今回の記事では、この脂漏性角化症の発症メカニズムと治療法についてご紹介していきます。
脂漏性角化症の発症メカニズム
脂漏性角化症って?
脂漏性角化症は老人性疣贅(ゆうぜい)や年寄りイボとよばれることもある皮膚の老化現象のひとつです。老化現象なので一般的には高齢になるほど脂漏性角化症になる可能性があります。
ただし、もちろん発症の具合には個人差があるため、早ければ30歳代から顔や手の甲に発症することもあるようです。それらの部位は主に慢性的に日光を浴びるため皮膚の老化が促進され、脂漏性角化症になるのだと考えられています。
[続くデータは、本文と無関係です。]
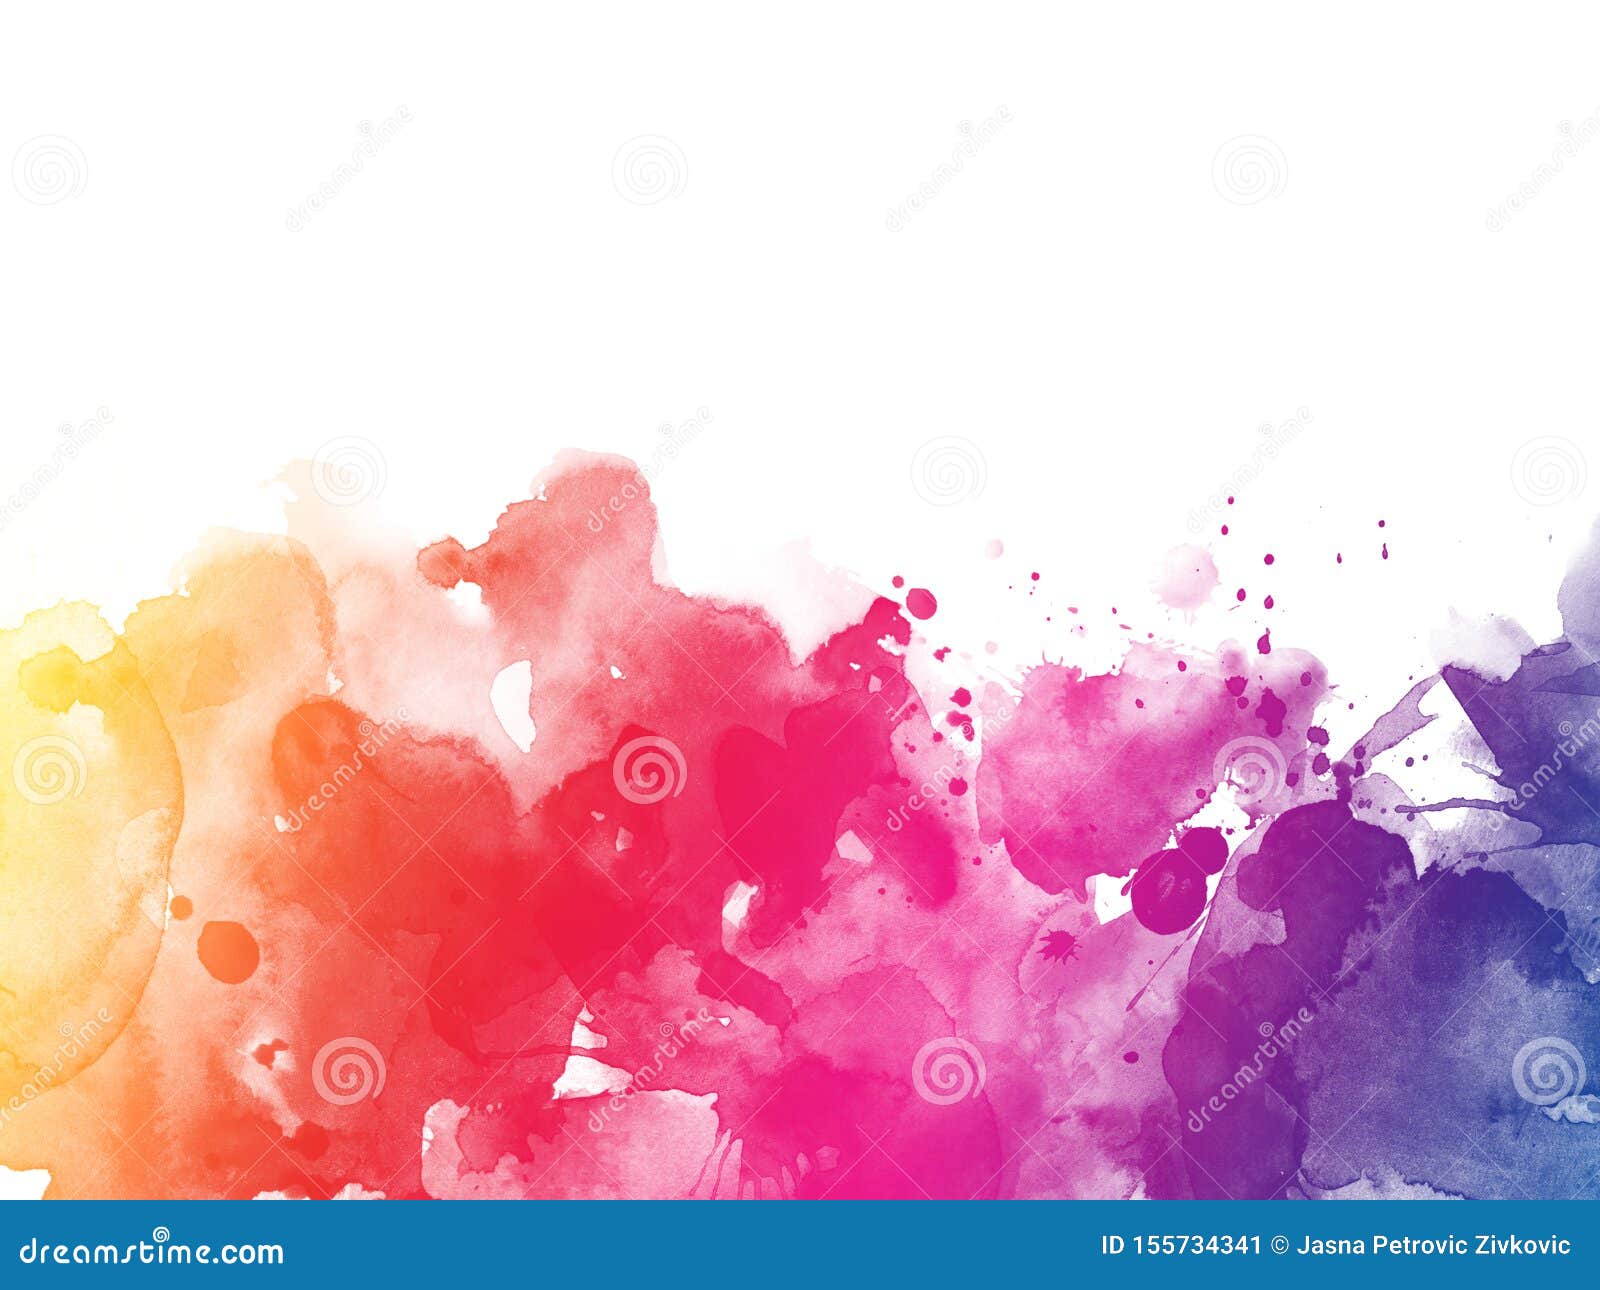 Colorful Abstract Artistic Watercolor Splash Background Stock Image - Image  of document, graphic: 155734341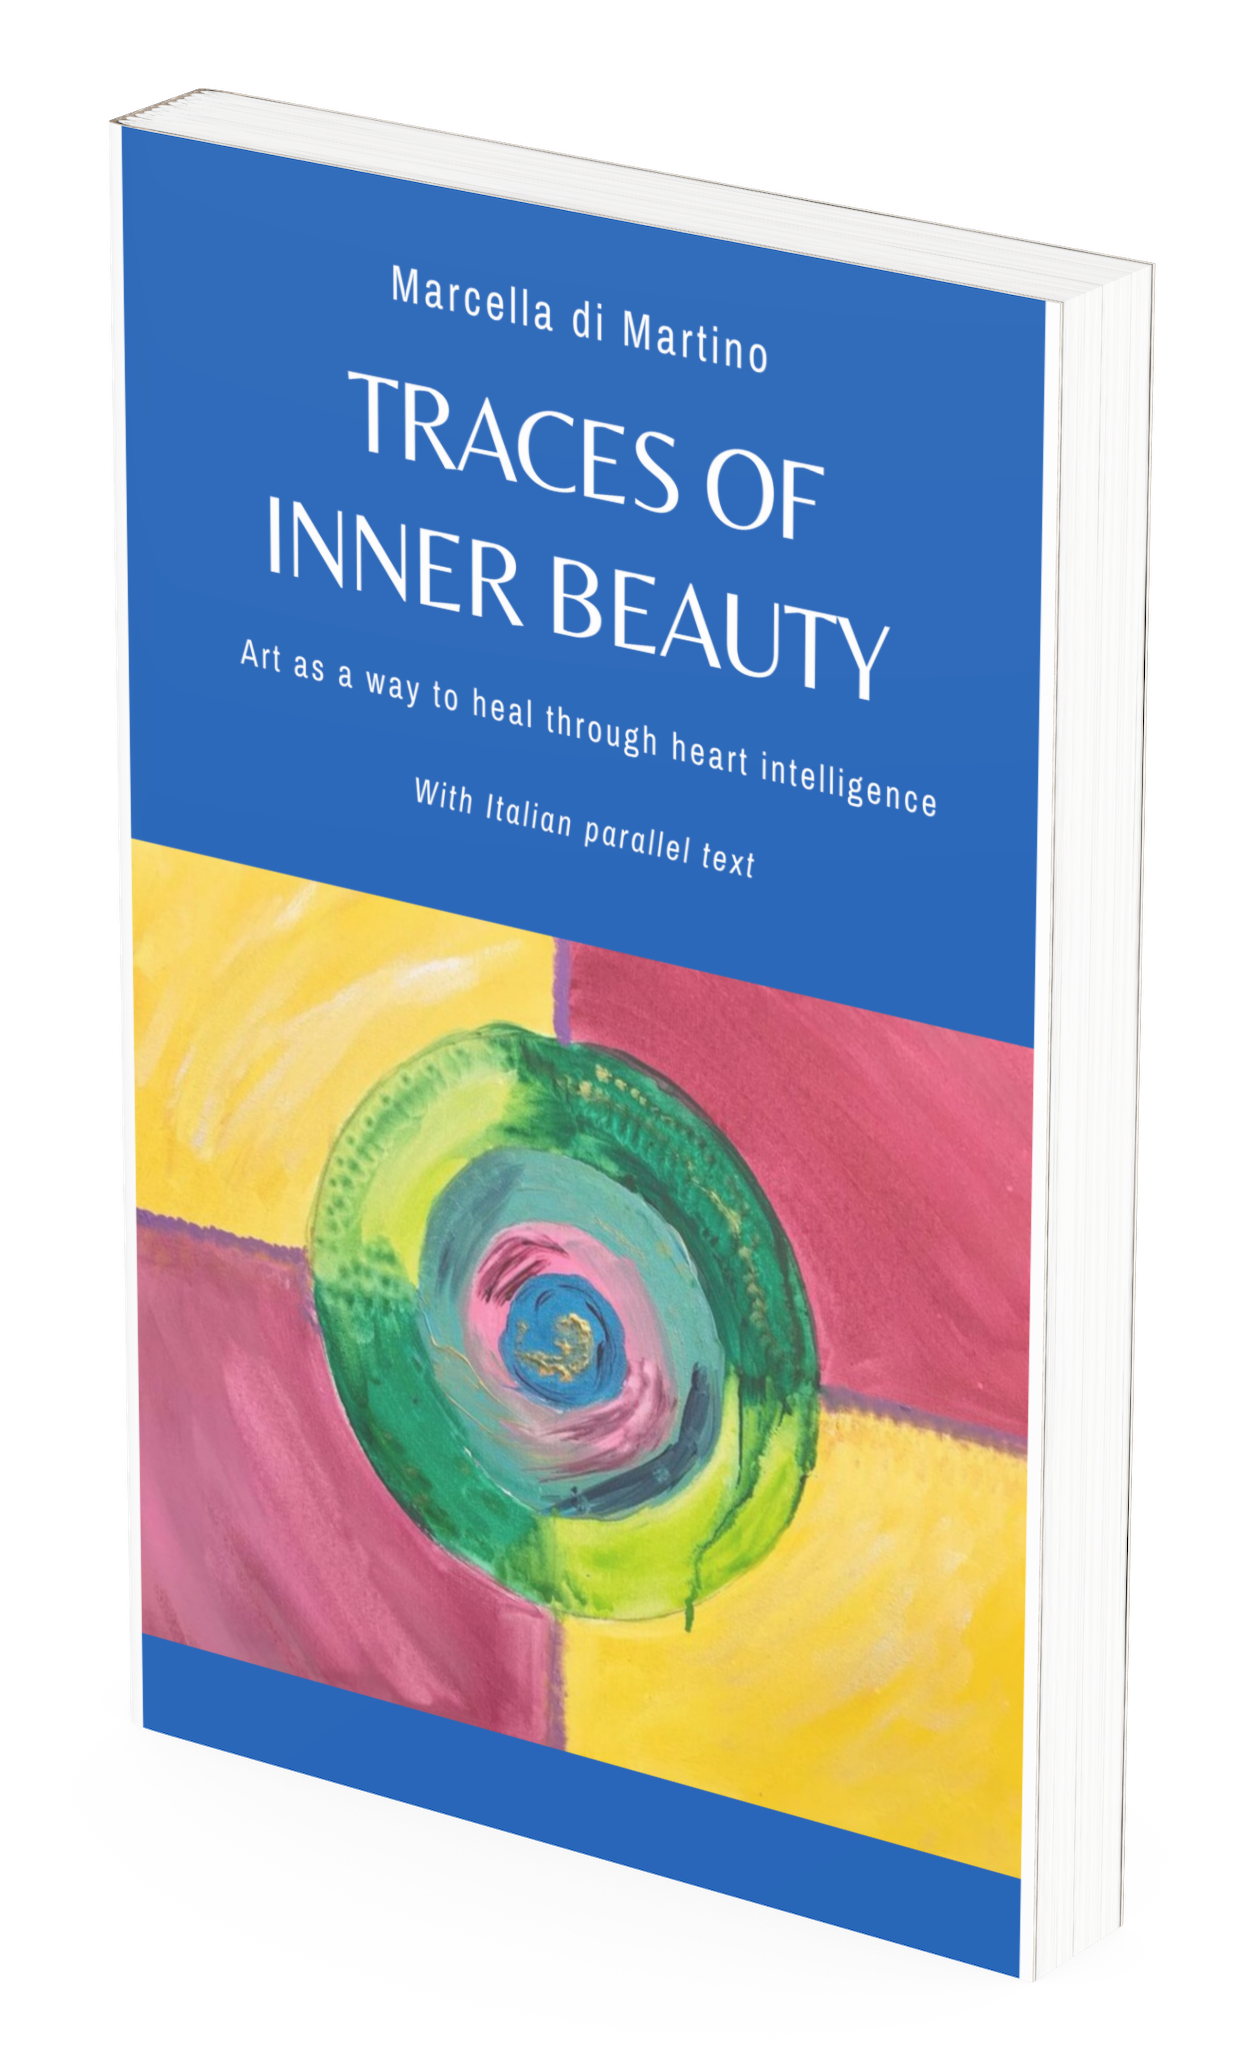 Traces of inner beauty

そのため、たとえ20歳過ぎくらいの若い人であっても、海水浴などで強い日焼けをした後、背中や肩に脂漏性角化症の症状が出る場合もあります。いずれの場合にしても、光老化とよばれる症状に分類されます。
脂漏性角化症でできるイボ(皮疹)は小さな米粒ほどの大きさから大きいものではソラマメほどにまでなるそうで、患者さんによってさまざまです。皮疹の表面はざらざらしているのが特徴です。角化した細胞(角化細胞)はときどき上に重なるようにして増殖します。そのようなものはボタンをくっつけたようにみえます。笹の葉模様の皮疹が体幹に多くできるようになると、内臓に悪性腫瘍ができている可能性があり、危険な兆候です。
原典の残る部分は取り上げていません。